The most common species that affect humans is Candida albicans (C. albicans). About 50-60% of yeast infections are caused by C. albicans.


C. glabrata is the second most common species, causing 15-20% of infections; followed by and C. parapsilosis (10-20%), C. tropicalis (6-12%) C. krusei accounts for 1-3%.


C. glabrata and C. albicans account for approximately 70-80% of yeast isolated from patients with invasive candidiasis.


C. glabrata and C. krusei are important because they are resistant to some antifungal medicines.


C tropicalis has been considered an important cause of Candidemia in patients with cancer (leukemia) and in those who have undergone bone marrow transplantation.Our body has the natural ability to fight against organisms, including Candida.


However, when these host defense mechanisms become defected, yeast infections can result. For example:


(1) Intact Mucocutaneous barriers : Skin is the body's largest organ and the first line of defense against organisms such as bacteria, fungi, and viruses. Wounds, intravenous catheters, burns, and ulcerations are breaks in the skin's barrier to allow infections to quickly gain access to the body.

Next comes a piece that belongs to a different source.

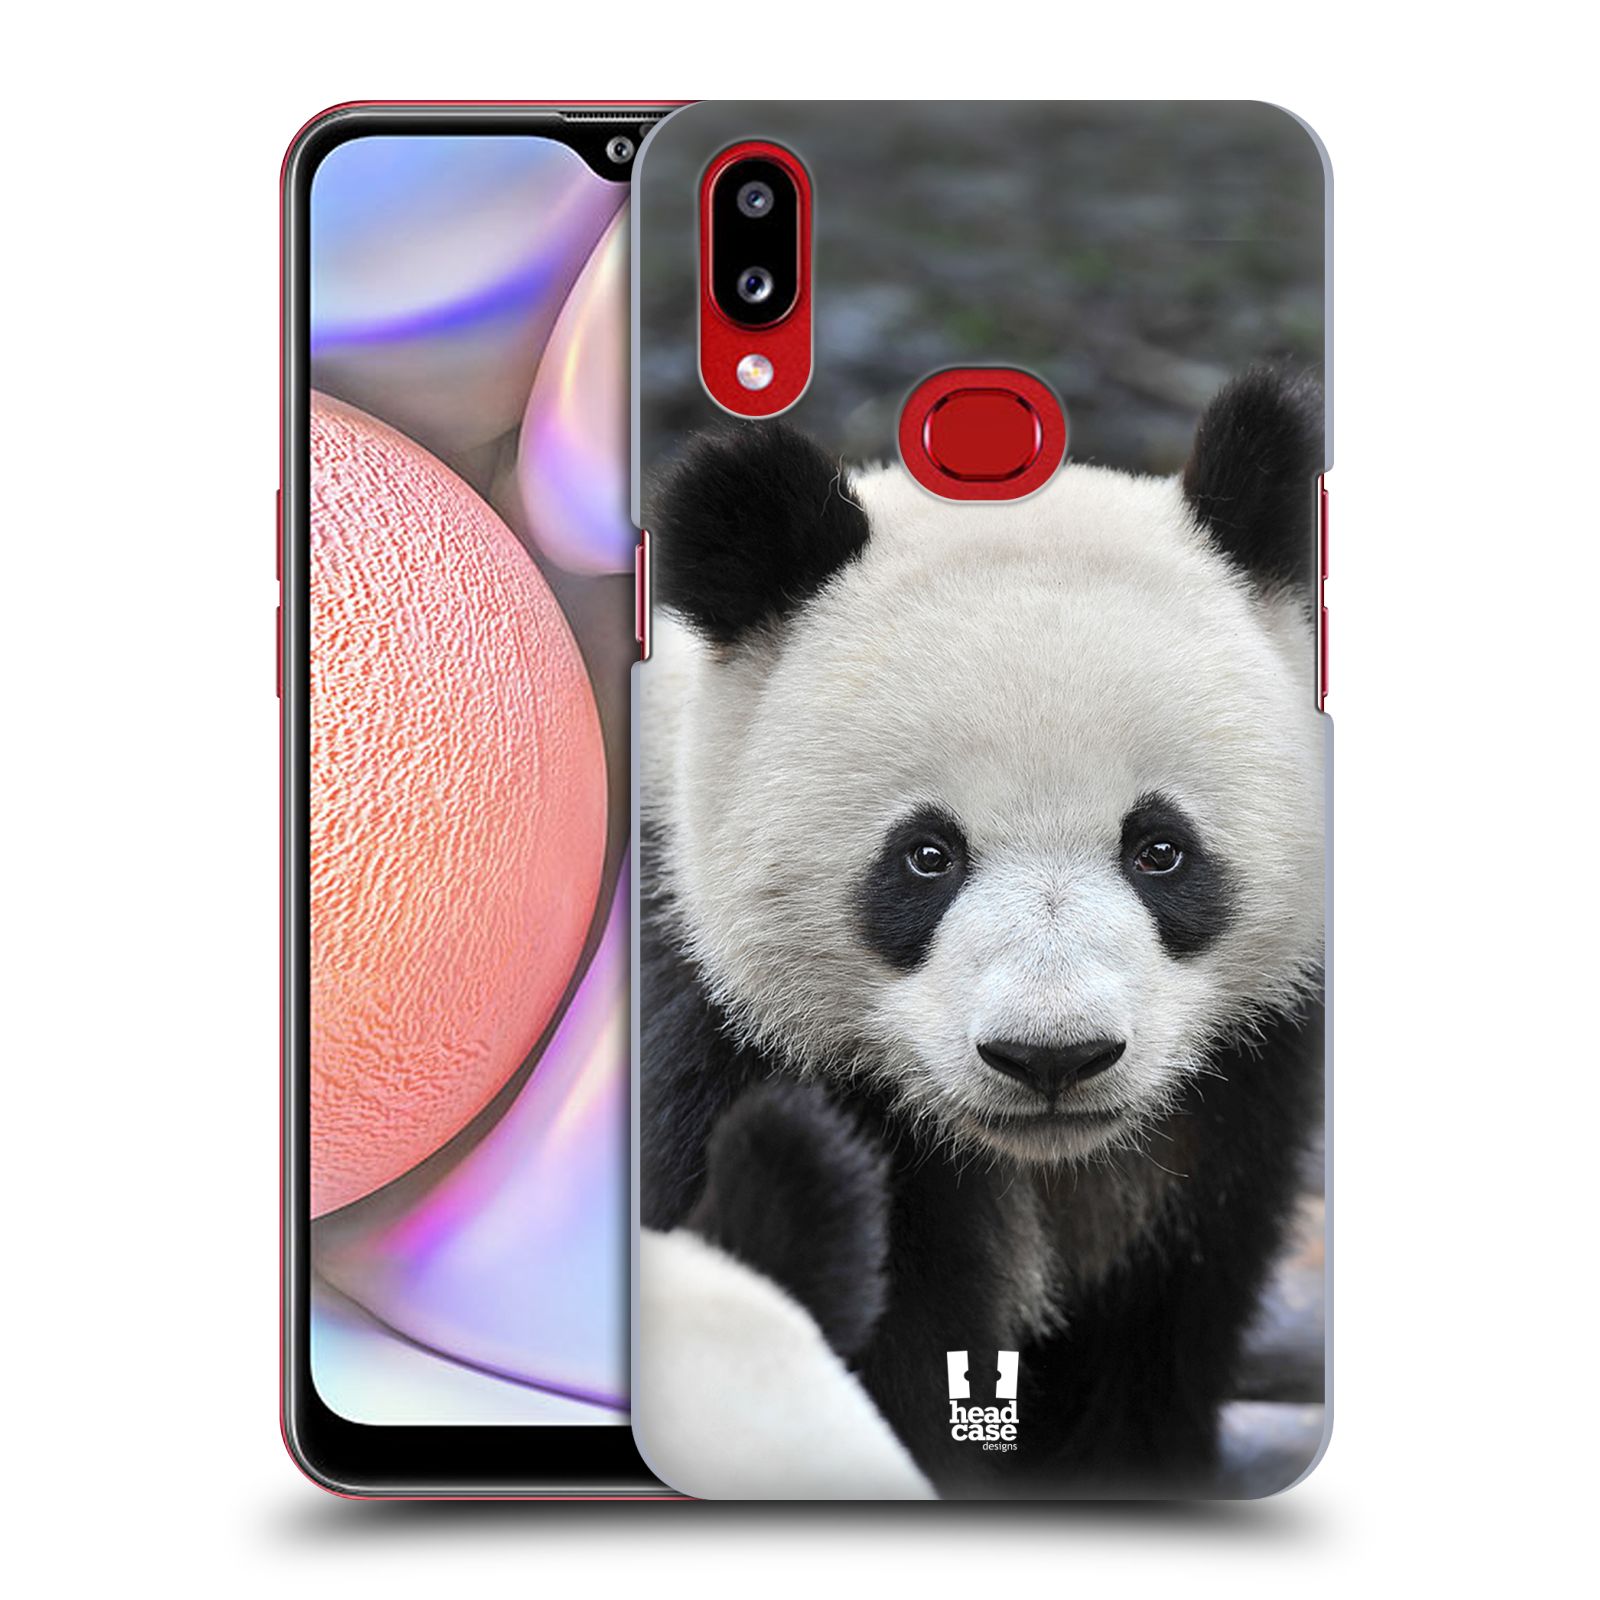 Zadní obal pro mobil Samsung Galaxy A10s - HEAD CASE - Svět zvířat medvěd panda

(2) Protection from other bacterial flora : Candida is not the only species that is naturally found in the body. There are some species that colonize the mouth and help to keep the numbers of Candida at a manageable level. These are what are sometimes called the "good" bacteria. However when the population numbers change through antibiotics, and kill the "good bacteria". This set is favorable for Candida, which can take over and multiply rapidly, creating a yeast infection.


(3) Cellular response : The body normally has specialized cells that make up the immunity system. A few of them are phagocytes, monocytes, complement cells, immunoglobulins, T cells and white cells (leukocytes). Diabetes mellitus, HIV, cancer, leukemia are are all conditions where the cellular response is malfunctioned and the risk is increased for a yeast infection


Candida species also contain their own set of well-recognized virulence factors. Although not well characterized, several virulence factors may contribute to their ability to cause infection.


The main virulence factors are surface molecules that permit adherence of the organism to other structures (eg, human cells, extracellular matrix, prosthetic devices), acid proteases, and the ability to convert to a hyphal form.


What does an Yeast Infection look like?


A yeast infection can have several appearances:


  • Candida infection of the mouth (Thrush, or Oral Candidiasis) has an appearance of white flecks on the tongue, upper roof of the mouth, or the pharynx.
  • Vaginal candidasis has a white, thick, curd-like appearance.
  • On the skin, in some cases, a Candida infection appears as itchy, red lesions with pustules and a distinct border with surrounding satellite lesions.